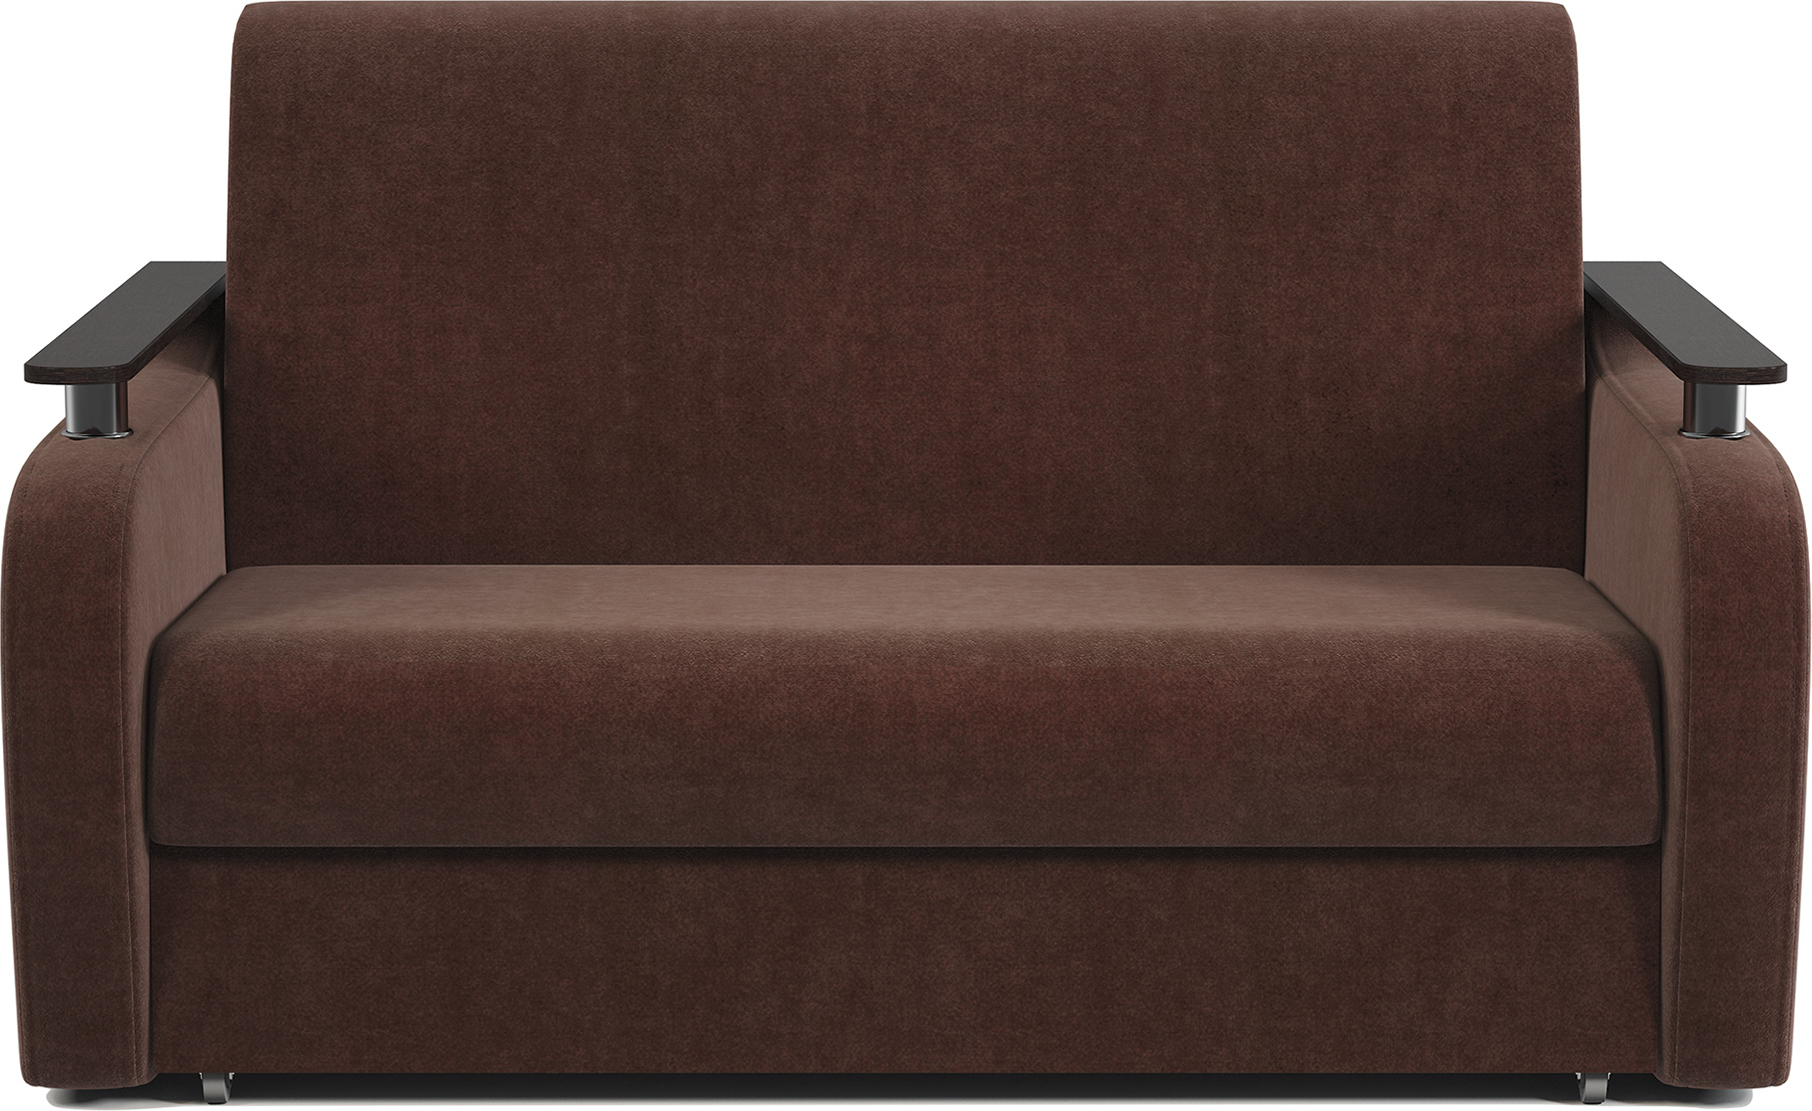 Диван Аккордеон купить в Оренбурге, недорого раскладной диван-кровать смеханизмом Аккордеон от производителя, цены, фото, каталог прямых
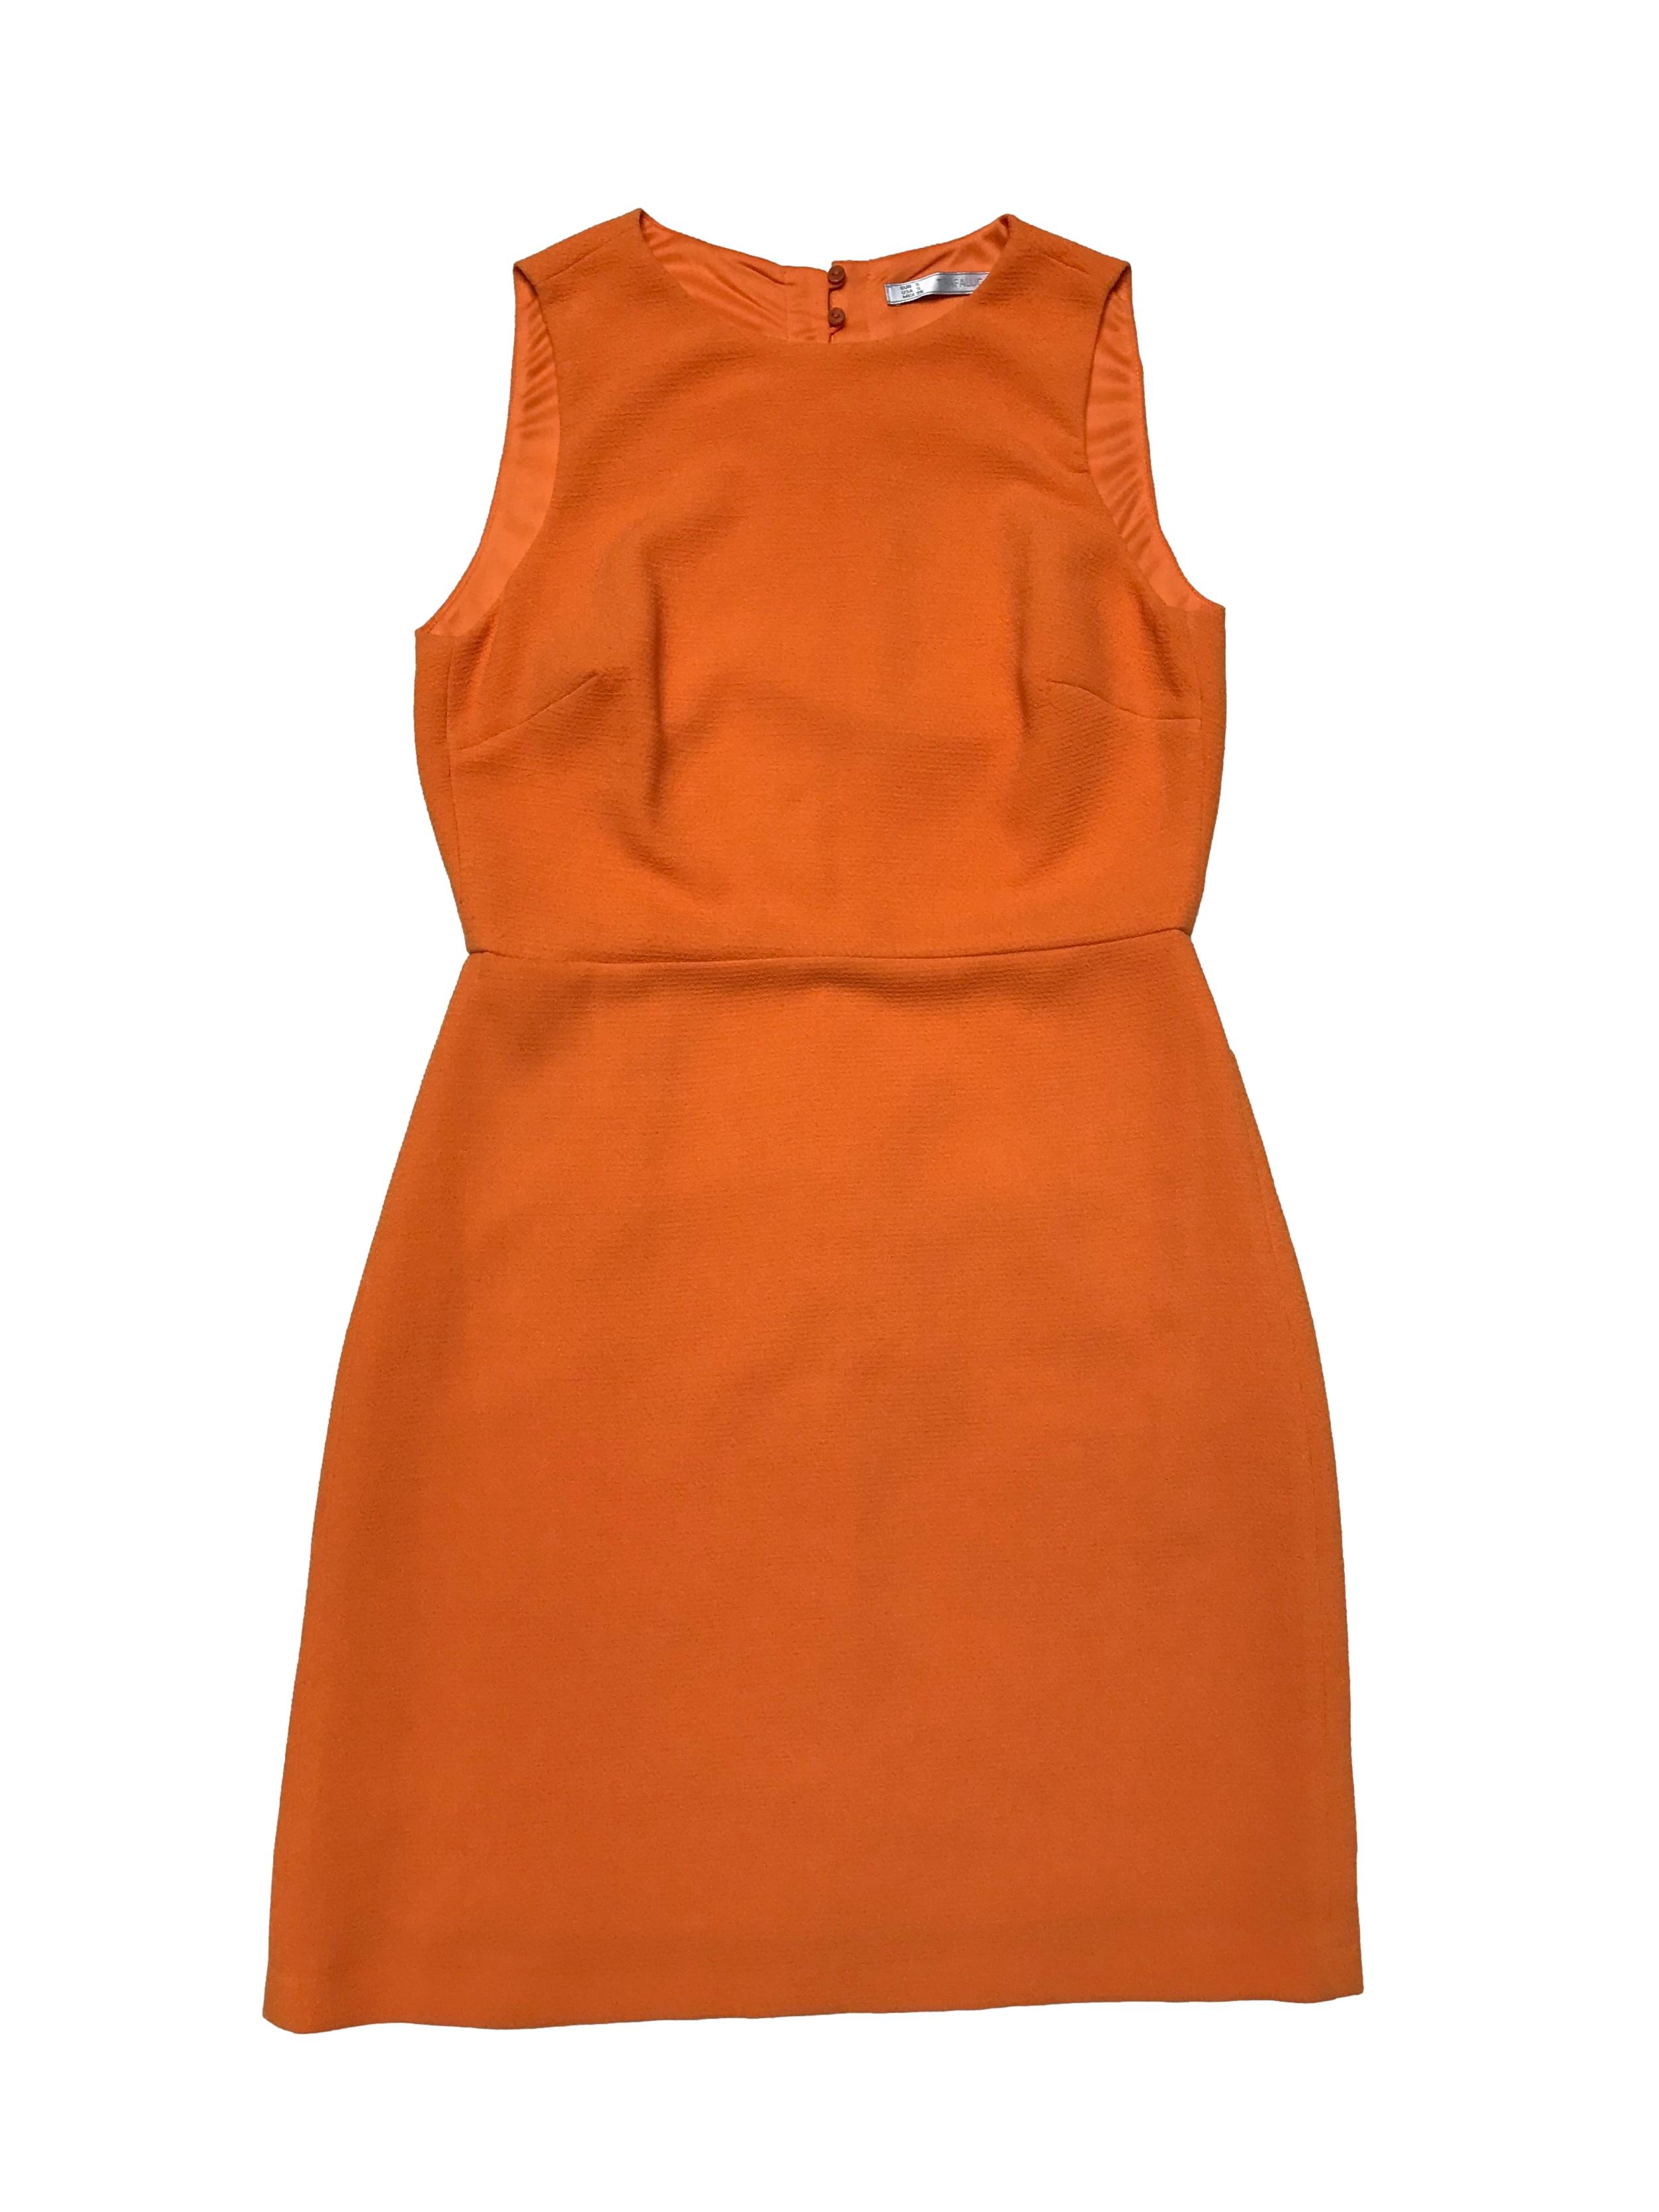 Vestido Zara anaranjado de tela con textura, forrado, con botón posterior en el cuello, escote en espalda y cierre en falda. Busto 90cm Cintura 72cm Largo 85cm
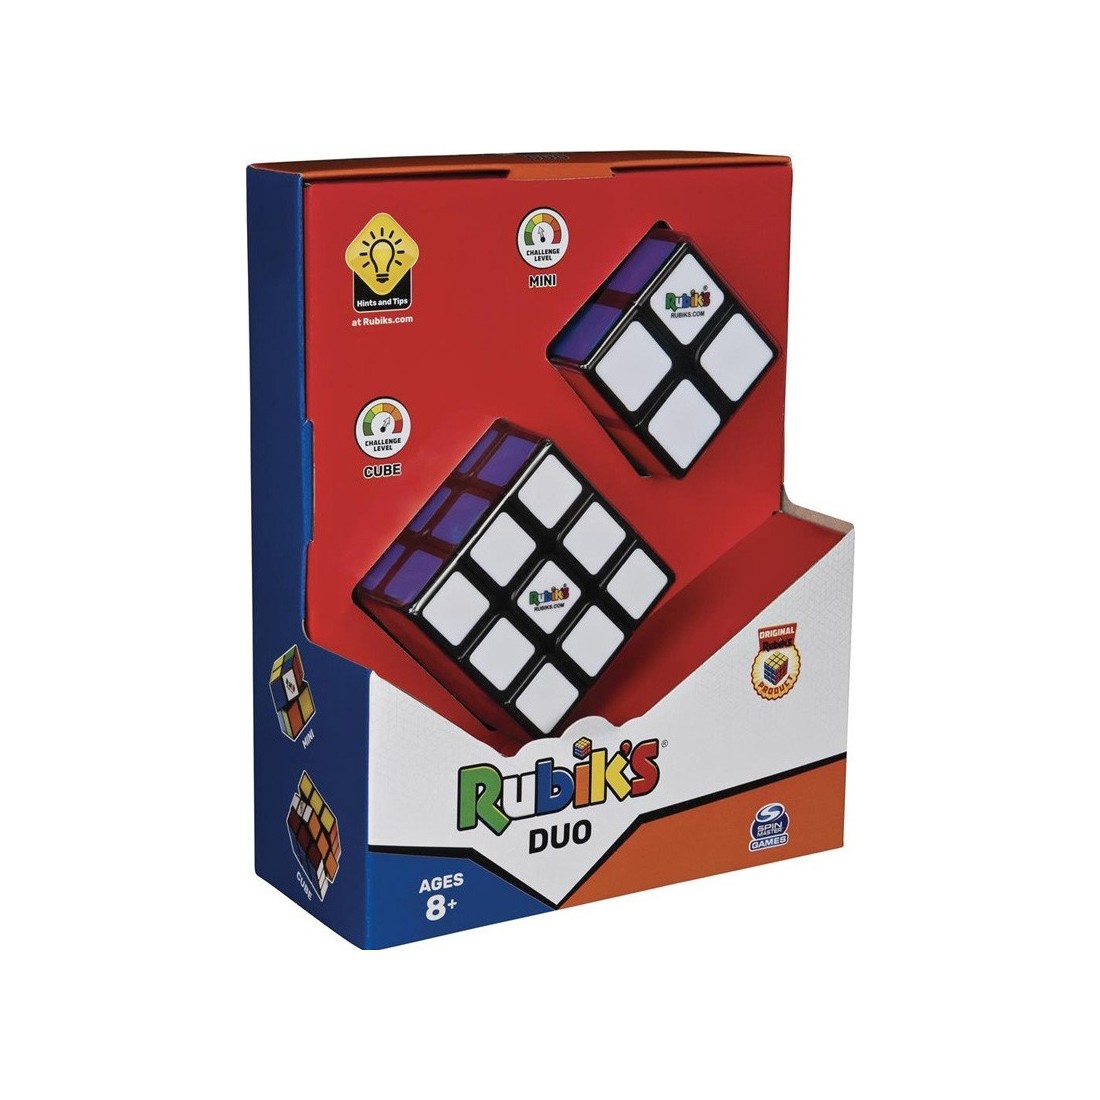 Acheter Perplexus Rubik's 2x2 - Spin Master - Jeux de société - Le

§ **TASK TO CARRY OUT**
A verbatim copy of the material is needed; pictures are not to appear in it.

§ **TASK SOLUTION**
 Диван Аккордеон купить в Оренбурге, недорого раскладной диван-кровать смеханизмом Аккордеон от производителя, цены, фото, каталог прямых
 Vestido Zara anaranjado de tela con textura, forrado, con botón posterior en el cuello, escote en espalda y cierre en falda. Busto 90cm Cintura 72cm Largo 85cm
 Acheter Perplexus Rubik's 2x2 - Spin Master - Jeux de société - Le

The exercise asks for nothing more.